Based on the objective data collected, i.e., the time measured, all participants successfully created a seating concept within the allotted 15 min. A total of 33% of participants used the maximum time available, while the remaining 66% finished earlier. On average, participants took 14 min and 31 s to complete the task.

4. Conclusions and Outlook

The VR application in this study enabled the rapid prototyping of a cabin seat concept without relying on physical resources. It facilitated a swift modification and iteration process, promoting innovation while maintaining a resource-efficient approach that aligns with long-term environmental responsibility. After a total duration of 6.5 h, 15 different digital cabin concepts were created by different experts, providing a sufficient knowledge base to identify key focus areas for future aircraft seat layouts. This approach could be particularly beneficial in the early stages of developing new aircraft and cabin concepts as it facilitates efficient digital collaboration between experts from different disciplines and locations.

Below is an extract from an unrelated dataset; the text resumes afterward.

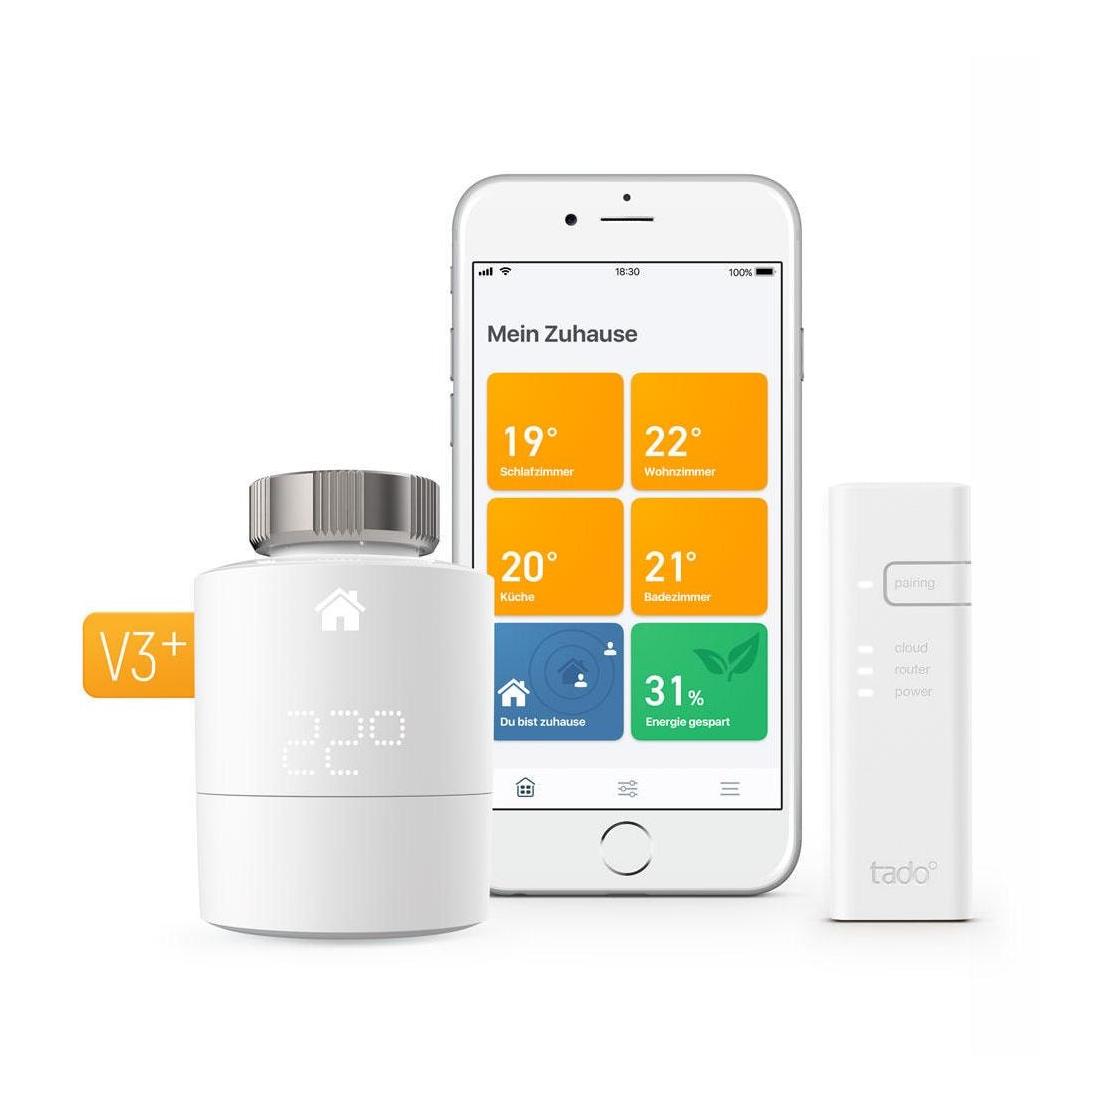 Tado° Smart Thermostat Starter Kit V3+ for 1 radiator - White

The application of the XR co-design method led to promising results, particularly with regard to the emotional response and satisfaction of the participants. This resulted above all in a high level of motivation and enthusiasm for the task. The increased commitment was also reflected in the fact that 73% of participants were interested in seeing and discussing the cabin concepts of others.

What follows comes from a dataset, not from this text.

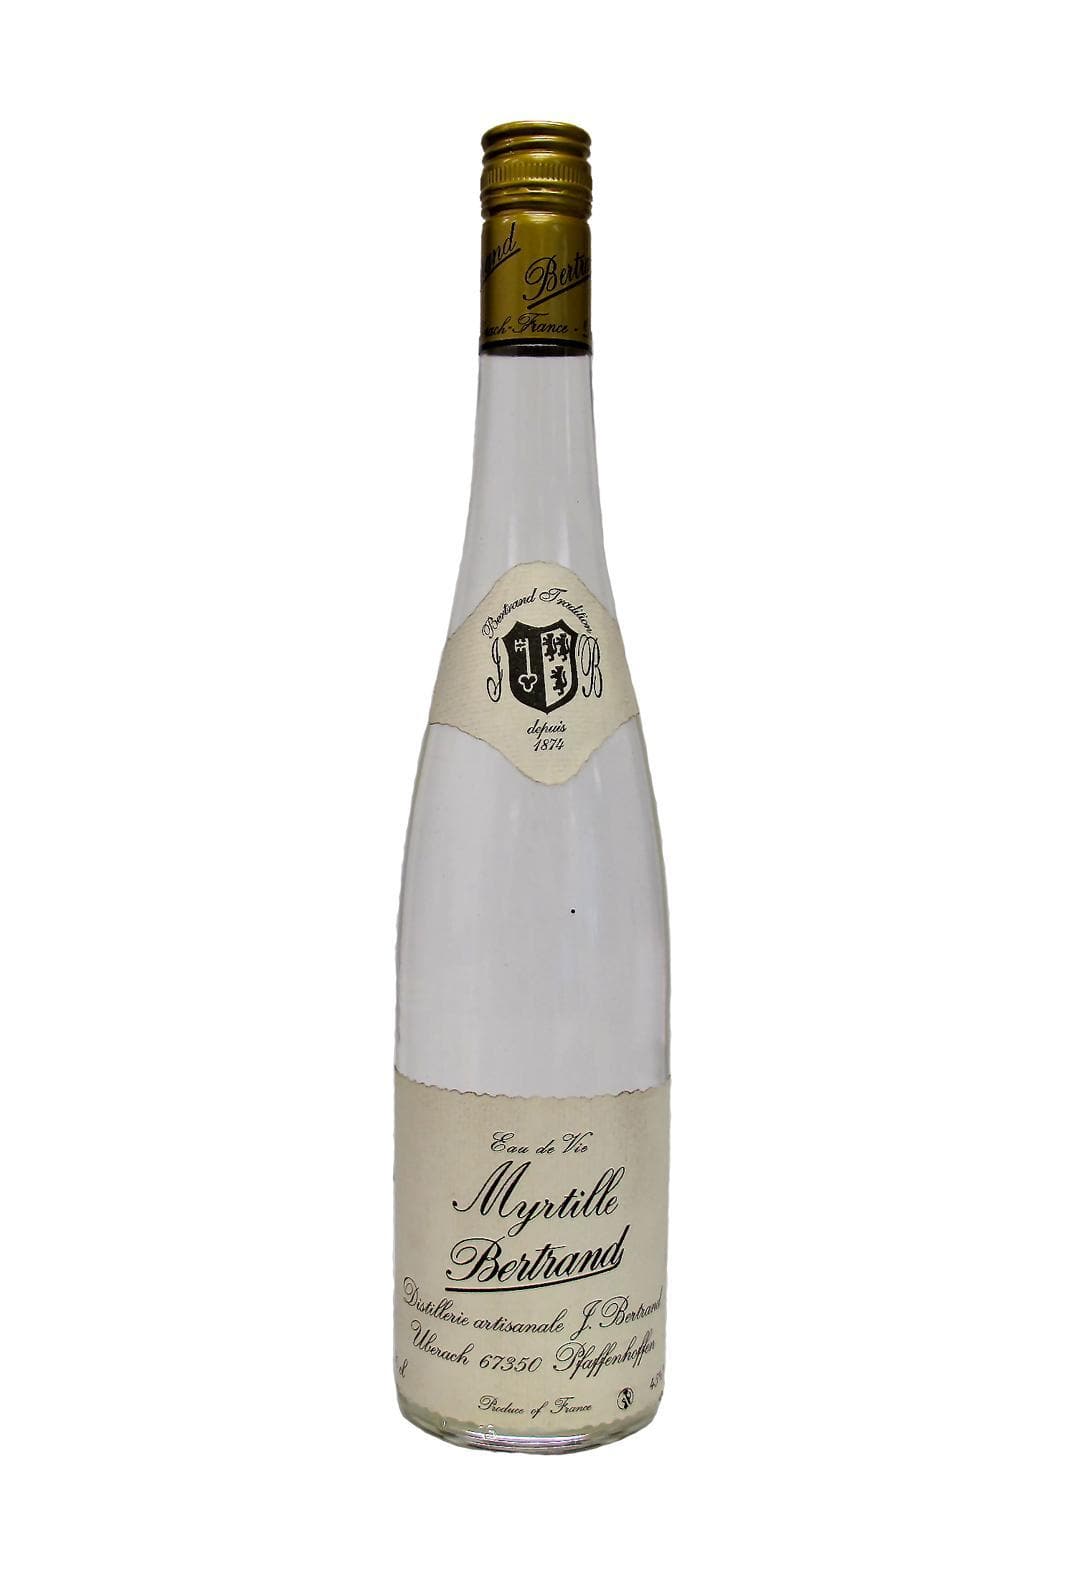 Bertrand Eau de Vie de Myrtille (Blueberry) 45% 700ml | Liqueurs | Shop online at Spirits of France

It is also worth noting the different approaches employed by the participants in this study. While the engineers focused on calculating weights and taking the center of gravity into account when selecting and positioning seats, the designers and architects concentrated more on the spatial design and use of the cabin. The non-experts (controllers), on the other hand, looked at the situation from the passenger’s point of view.

The approaches presented exemplify the effectiveness of the co-design method by integrating the knowledge of multiple experts, enabling analysis and development from different perspectives.

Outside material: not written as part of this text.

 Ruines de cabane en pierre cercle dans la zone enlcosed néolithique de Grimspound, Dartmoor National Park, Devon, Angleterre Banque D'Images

However, this study primarily focused on the use of a VR application for sustainable virtual design of cabin concepts. As the participants worked on the task individually, there was no collaborative interaction between them. Thus, the co-design process was limited to the interaction between the designer, the available tools, and the participant in his role as an expert.

It has been shown that the main strength of this method is its ability to involve different experts in the design process. In this study, such collaboration between the participants could have reduced the wide variation in layout designs—some of which proved unfeasible—while leveraging the combined expertise from different disciplines for a more efficient workflow.

In general, the XR co-design method is well suited for the early digital development and iteration of cabin concepts that can be seamlessly integrated into other phases of aircraft development. Its digital nature provides a resource-efficient approach to prototyping, contributing to a more sustainable future in aviation.

The next step in the development of the application is the integration of a multi-user mode, which will enable the joint validation of cabin concepts by different stakeholders.

The application should also be able to provide more detailed feedback. For example, additional information about the cabin, emergency exits, and details about the number of seats already in use and their dimensions. It would also be beneficial to offer a wider range of objects, systems, and other monuments to enable a more detailed realization of a cabin concept.

In order to optimize telepresence, it would be beneficial to utilize a high-fidelity model and to integrate a seating option within the designated space. In this regard, the findings of this study are relevant as 60% of the participants expressed a desire for a physical chair to better understand the seating row spacing. The integration of simple physical elements, such as a chair, could enhance the user experience in terms of immersion and telepresence, thereby improving the ability to perform tasks virtually as they would in reality.